AppleTechnology

Apple Korea Pledges $84 Million to Support Small Businesses and Settle Antitrust Probe

Apple’s South Korea business has offered to make a 100 billion won ($84 million) payout to support small businesses and help consumers, according to the country’s competition watchdog (via Reuters).


The Korean Fair Trade Commission (KFTC) investigated Apple Korea in 2016 for requiring SK Telecom, KT Corp, and LG Uplus Corp to pay the cost of television advertisements and warranty service for its iPhones. The probe found that Apple holds a clear advantage over local mobile carriers and that handing over the cost of advertisements was another means of squeezing the profits of the carriers.
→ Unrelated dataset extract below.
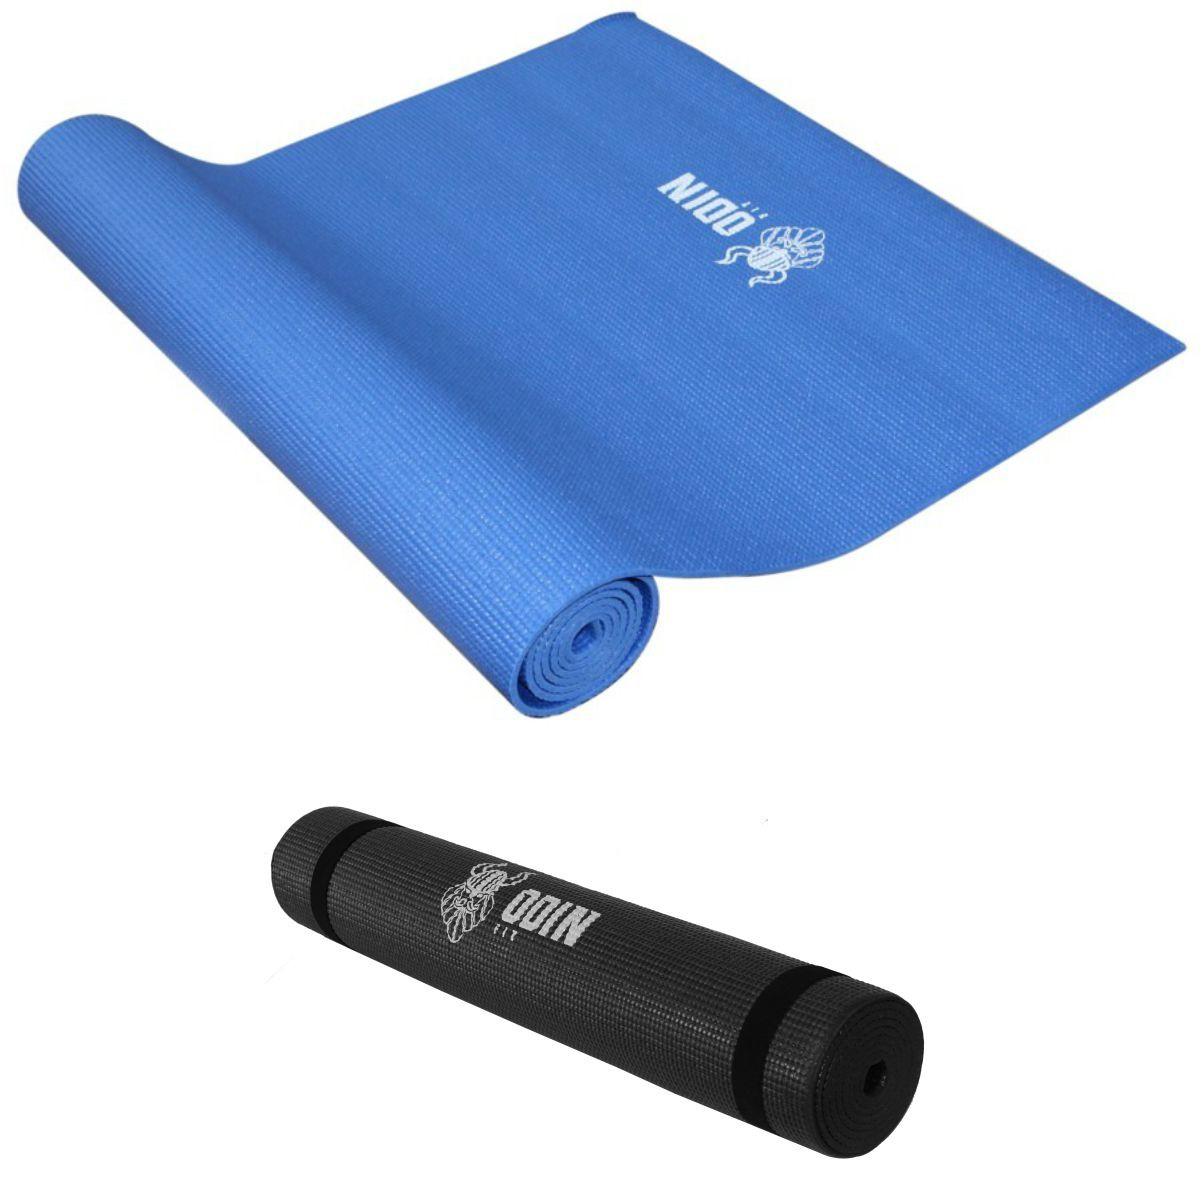 Tapete de Yoga Mat em PVC - Odin Fit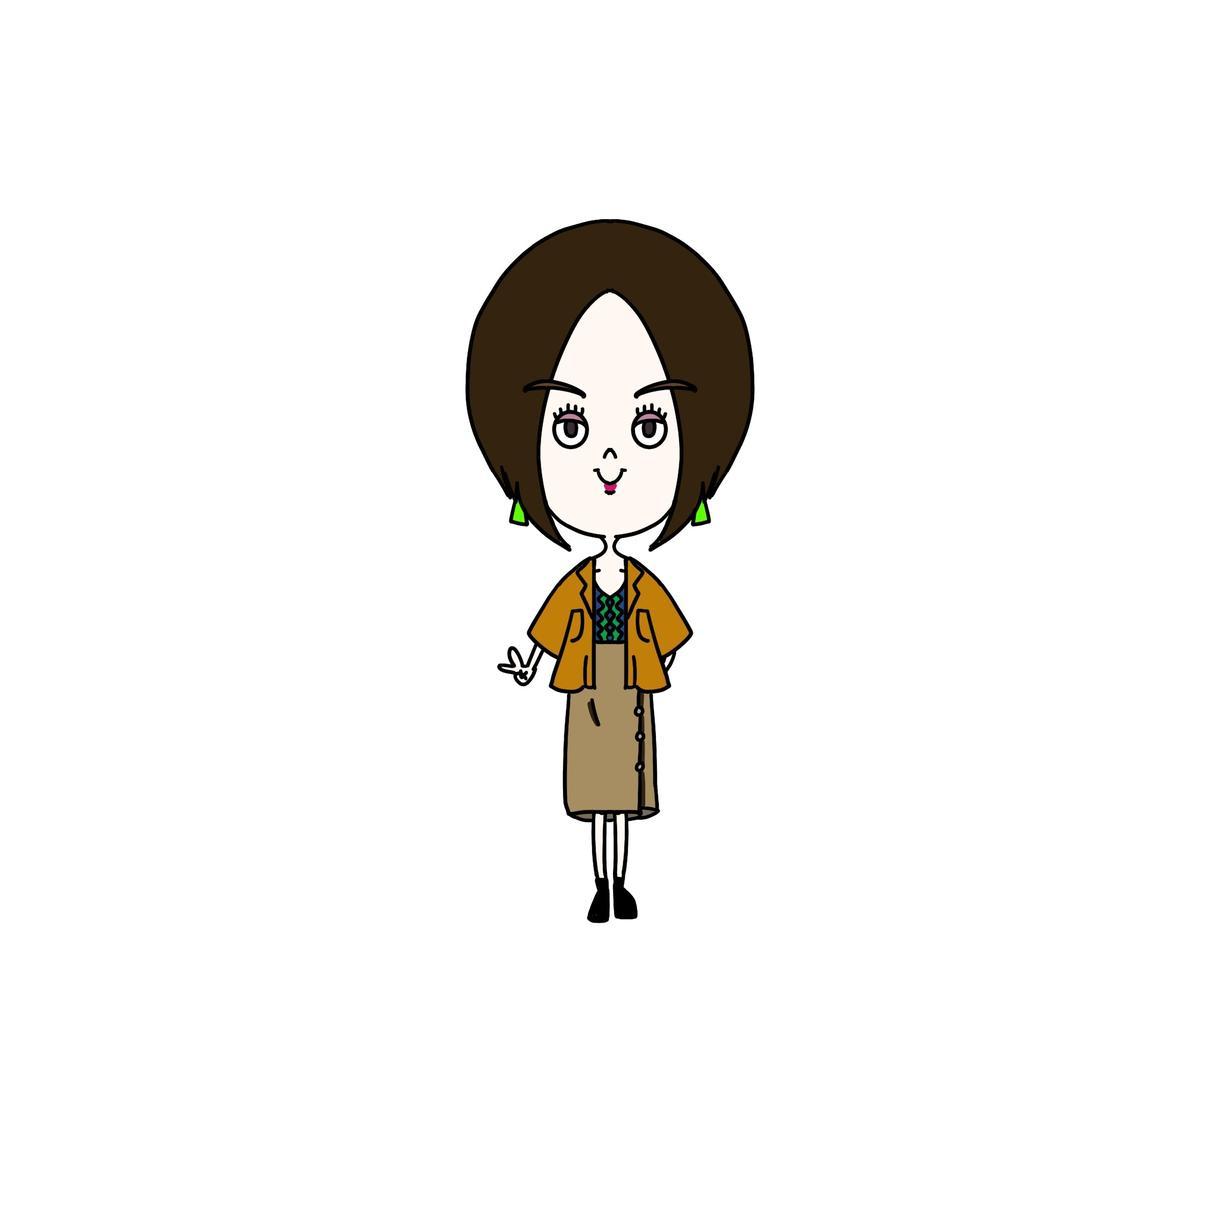 個性派のあなたに専用アイコンを描きます 似顔絵、アイコン、キャラクター化、イラスト、デザイン

In June of this year, the antitrust regulator decided to allow Apple to map out a set of measures to address its anti-competitive business practices in the country, and Apple has now agreed to fix unfair terms with mobile carriers as part of its proposal. Apple said it will discuss how to share advertising costs with telecoms firms, which will help reduce burdens to carriers, the KFTC said in a briefing.

Apple has reportedly pledged to offer 40 billion won ($34 million) to build a center to support research and development for Korea’s small manufacturers and 25 billion won ($21 million) to establish an “academy” to provide education to developers. The rest of the 100 billion won would be used to give consumer discounts on warranty repair costs and other benefits, according to Reuters.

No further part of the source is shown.